Barrierefreiheit bei der Digitalisierung

Ihr hattet das mal in einer der letzten Folgen, ich meine bei ask me anything angerissen, als ein Leserbeitrag dazu zitiert wurde.

Ich glaube aber, dass das Thema durchaus mal als gro0es Thema Anerkennung verdient, weil es viel zu häufig von verschiedenen Stellen (vor allem staatlichen) missachtet wird, gerade im Bereich der Digitalisierung. Aus meinen Erfahrungen mit bisherigen Justiz-Software-Produkten entsteht für mich der Eindruck, dass Barrierefreiheit als Lippenbekenntnis am Anfang aufgenommen wird, dann während der Entwicklung komplett hinten runter fällt und ganz am Ende man dann ffeststellt: Oh ja, da war ja noch was.

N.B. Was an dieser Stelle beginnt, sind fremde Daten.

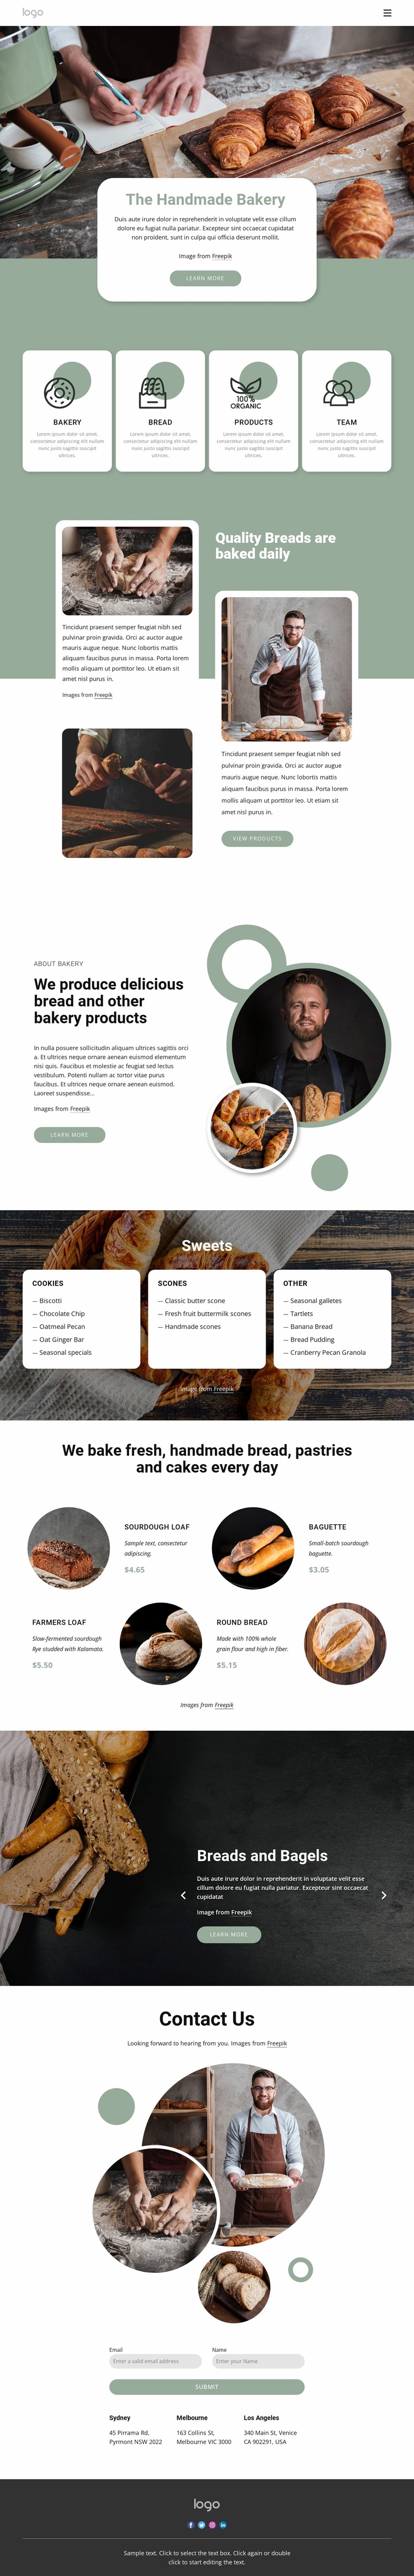 The handmade bakery Website Design

Und dann bastelt man mit verschiedenen Workarounds Lösungen und verkauft dem Nutzer angebliche Testungen, die durch den Auftragnehmer selbst durchgeführt wurden, als den heiligen Gral. Und die Endnutzer beschweren sich dann zwar, haben aber keine echte Lobby.

Daher meine Bitte: Geht mal auf dieses Thema ein, gerade bei den aktuellen Digitalisierungsprojekten, wie E-Akten usw. Denn da sind die Entwickler von Barrierefreiheit doch noch weit entfernt…

Mich als nicht Betroffenem würde zuallererst interessieren was man unter „Barrierefreiheit bei der Digitalisierung“ verstehen soll.

Ich befürchte nämlich dass da Unwissen und Unsicherheit extrem weit verbreitet sind.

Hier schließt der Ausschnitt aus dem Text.